::: Data to use :::

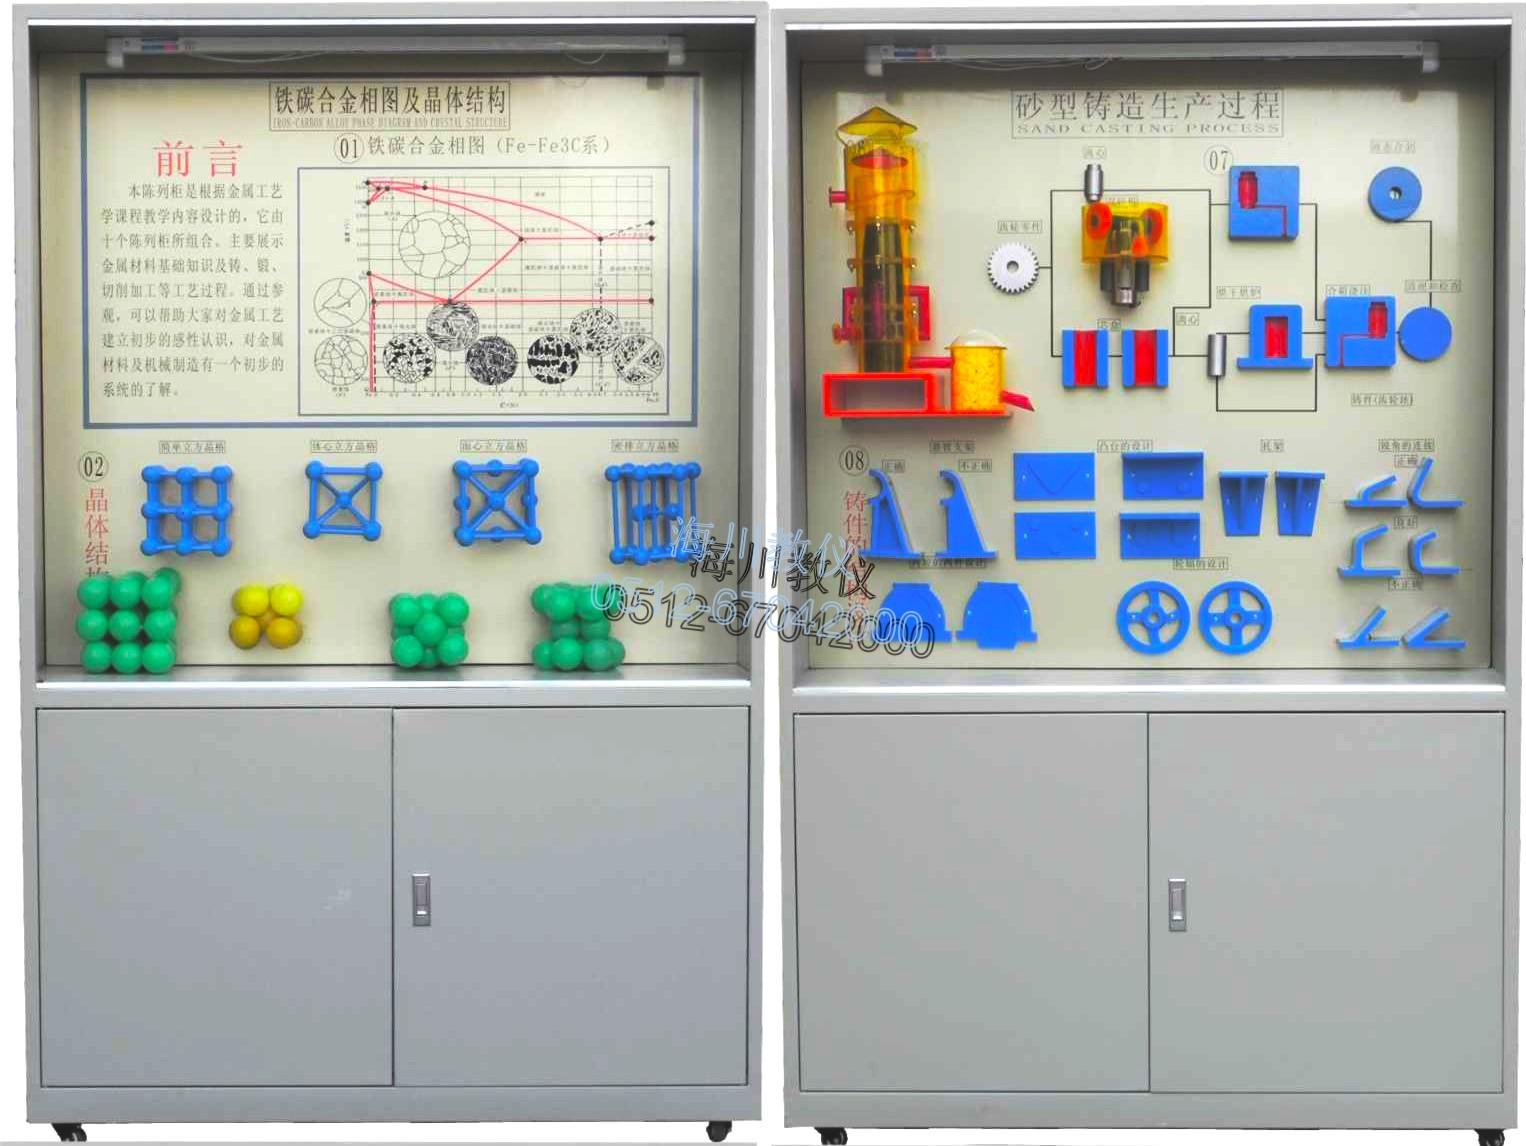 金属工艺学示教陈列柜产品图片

:::
::: Data to use :::

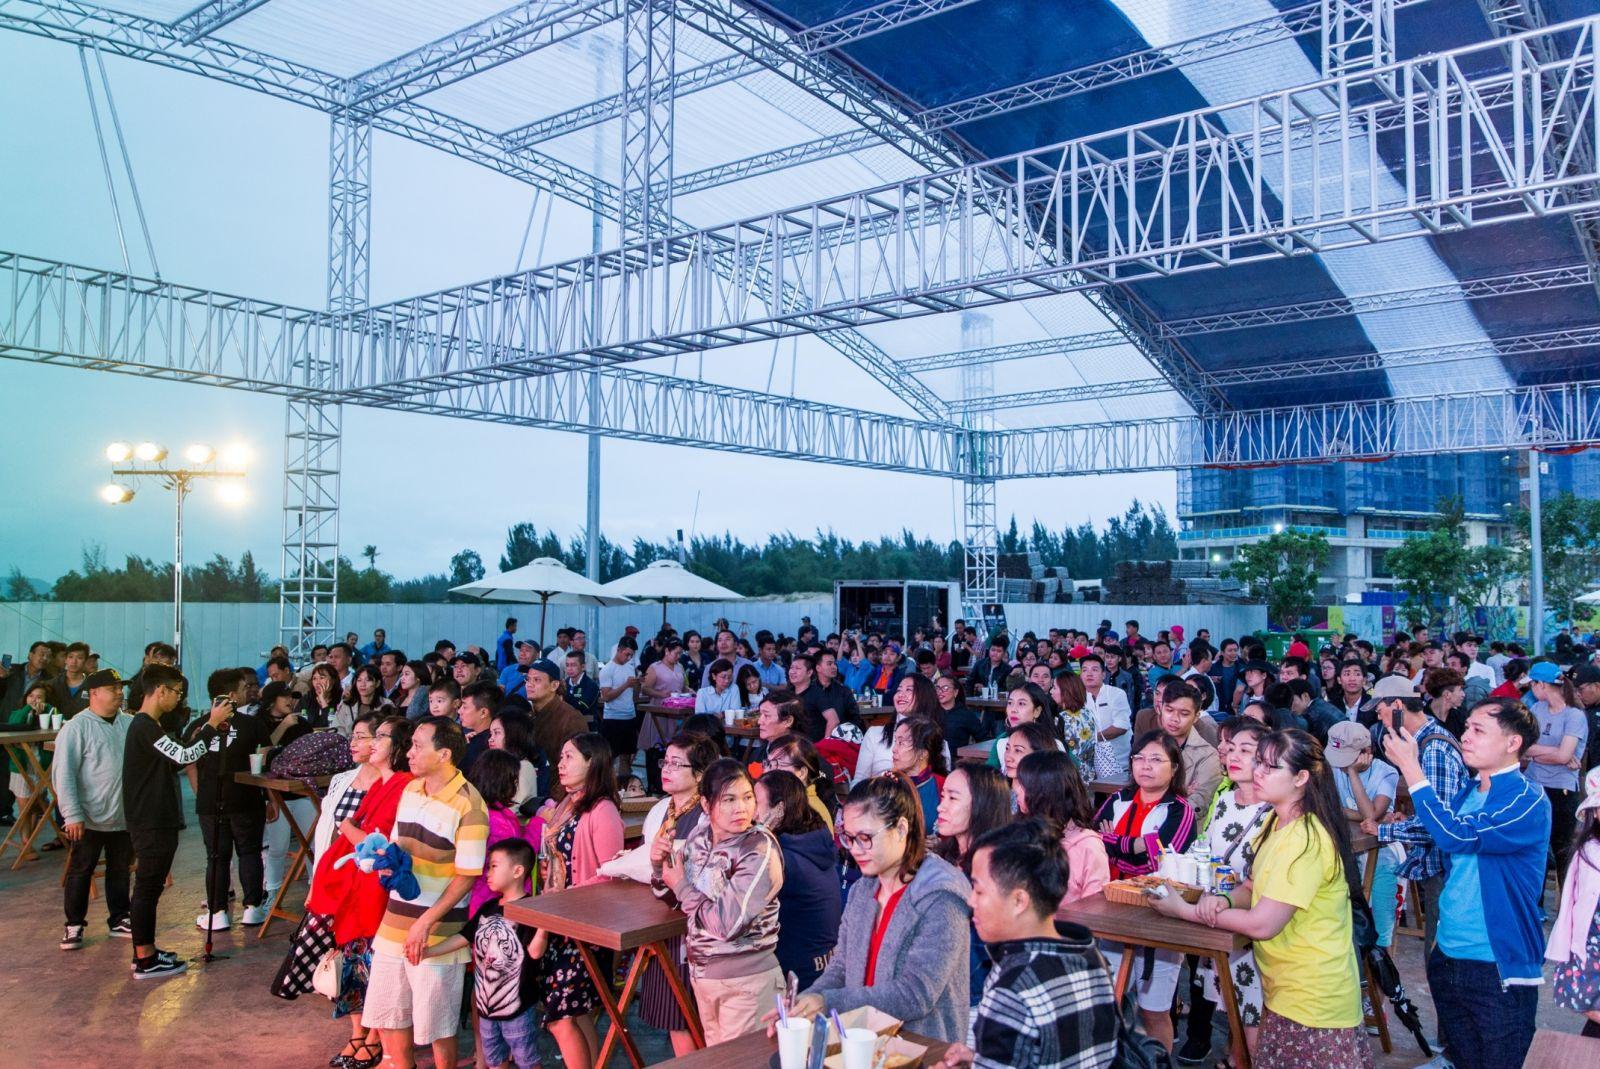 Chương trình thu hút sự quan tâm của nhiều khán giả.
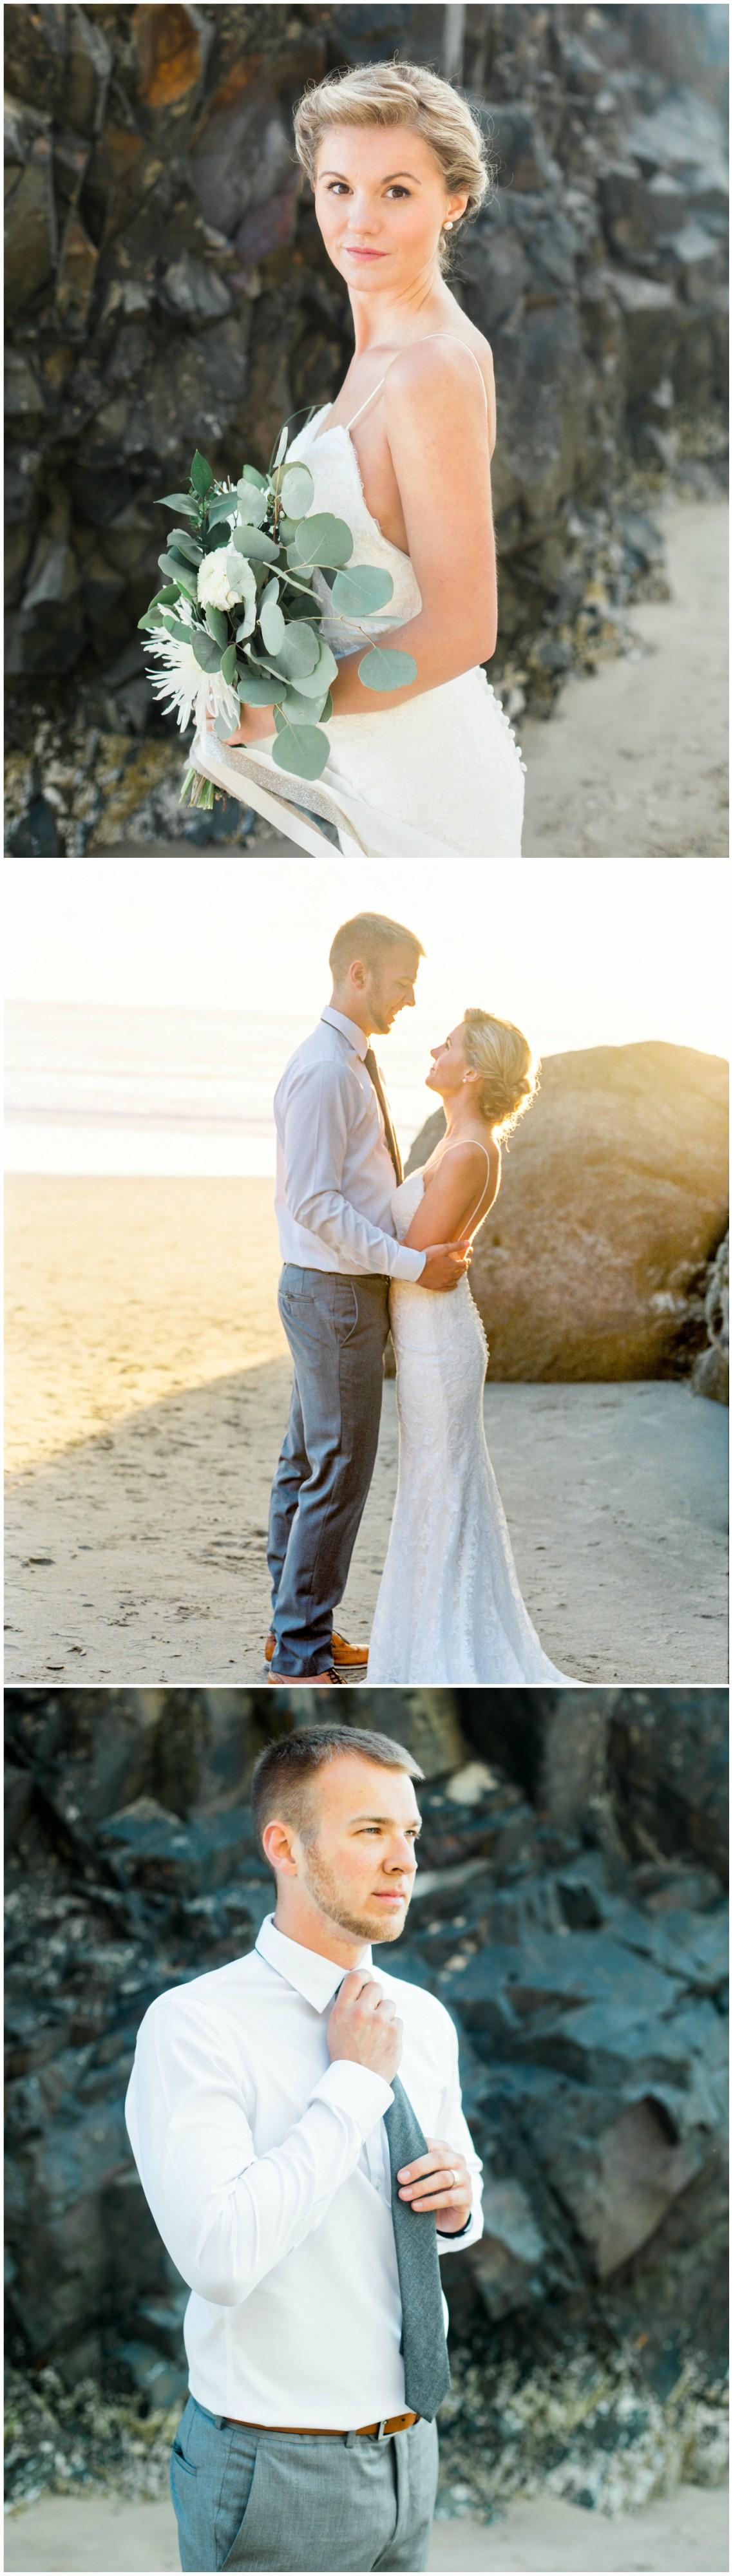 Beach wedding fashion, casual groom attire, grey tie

:::
::: Data to use :::

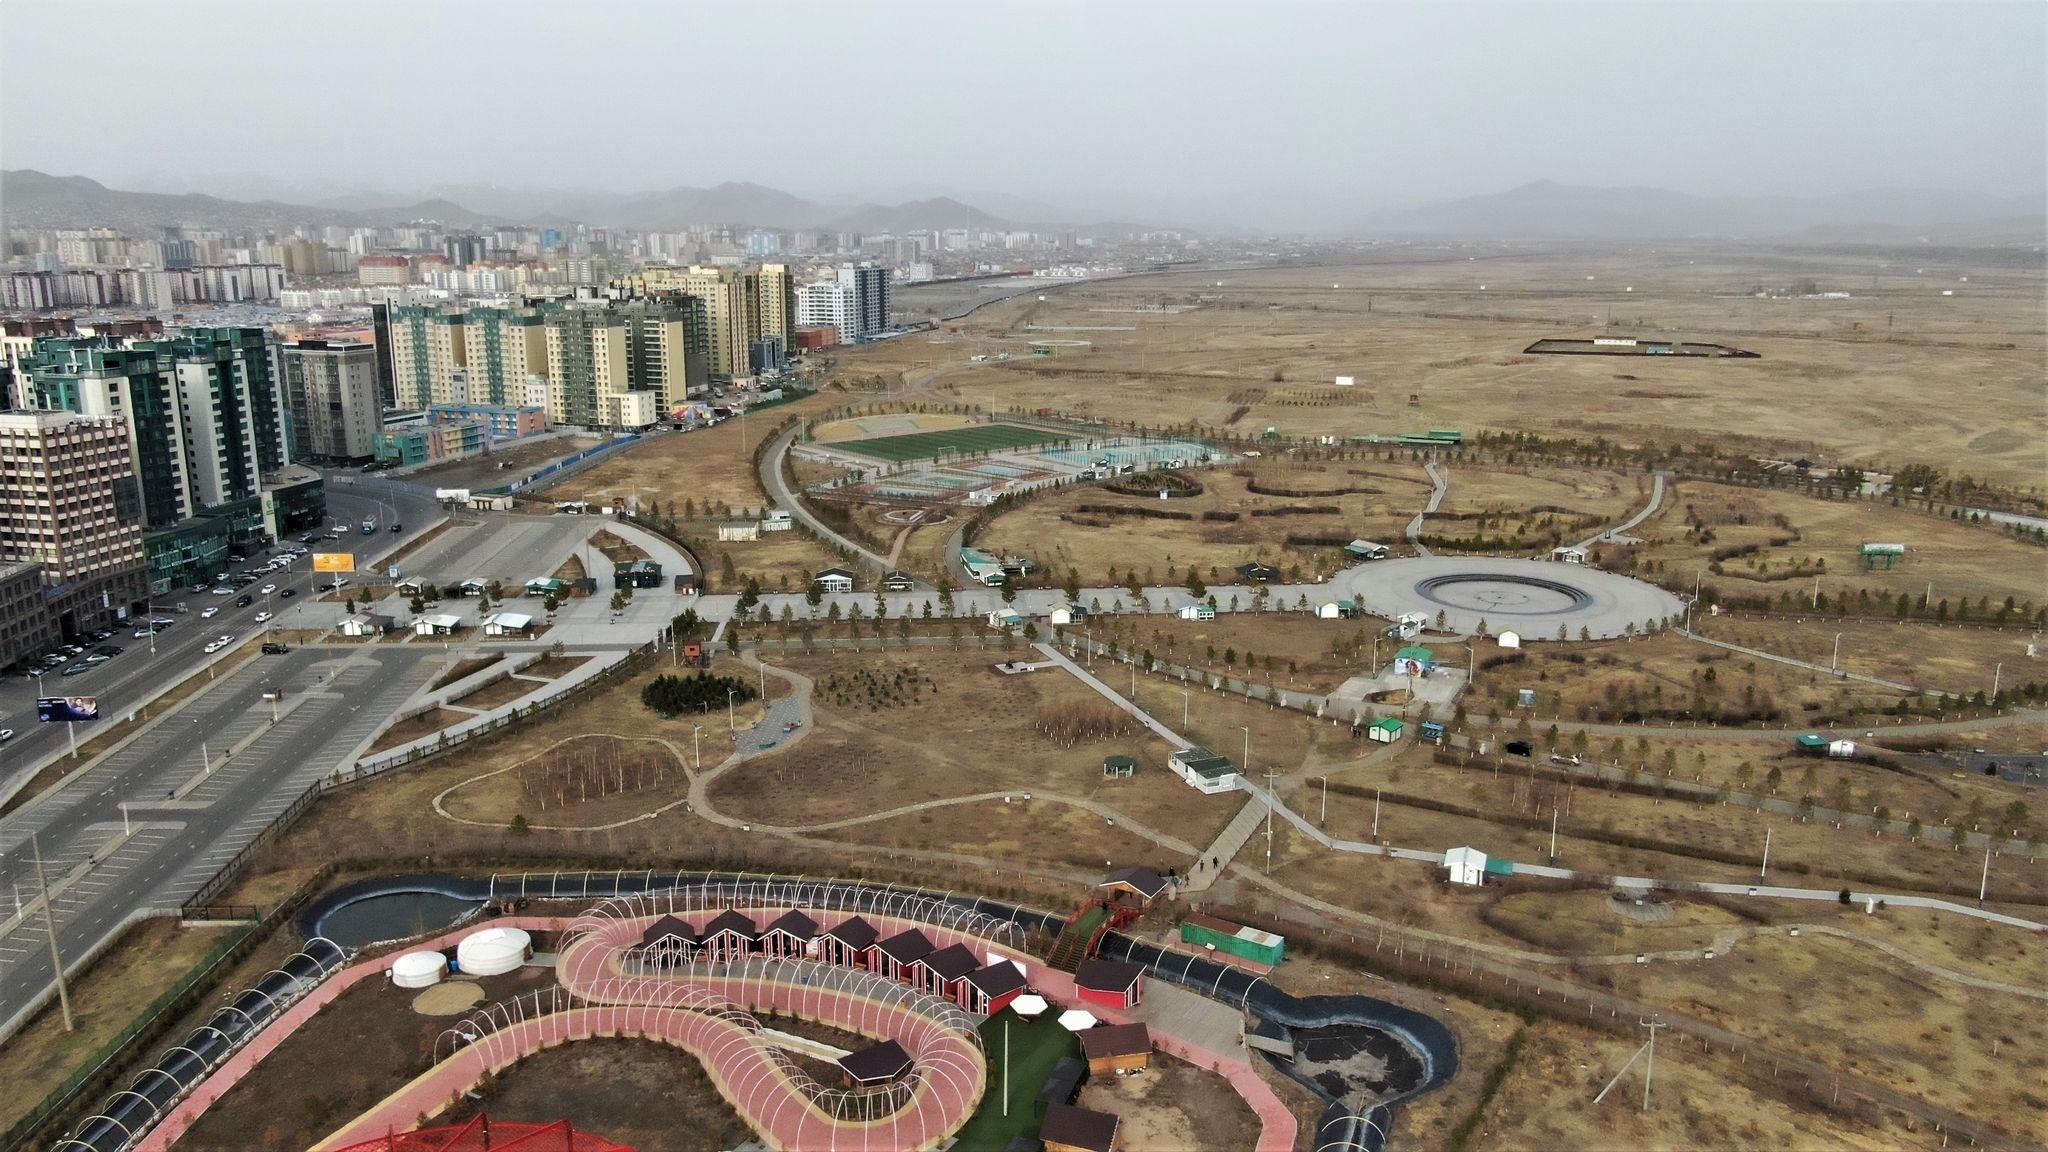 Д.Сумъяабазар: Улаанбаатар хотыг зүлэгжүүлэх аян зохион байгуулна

:::

Work to be completed: In the listing above, find the line with "Chương trình thu" and the line with "Beach wedding fashion, casual". Output both, plus every line between them, and no pictures.

Written response:
 Chương trình thu hút sự quan tâm của nhiều khán giả.
 Beach wedding fashion, casual groom attire, grey tie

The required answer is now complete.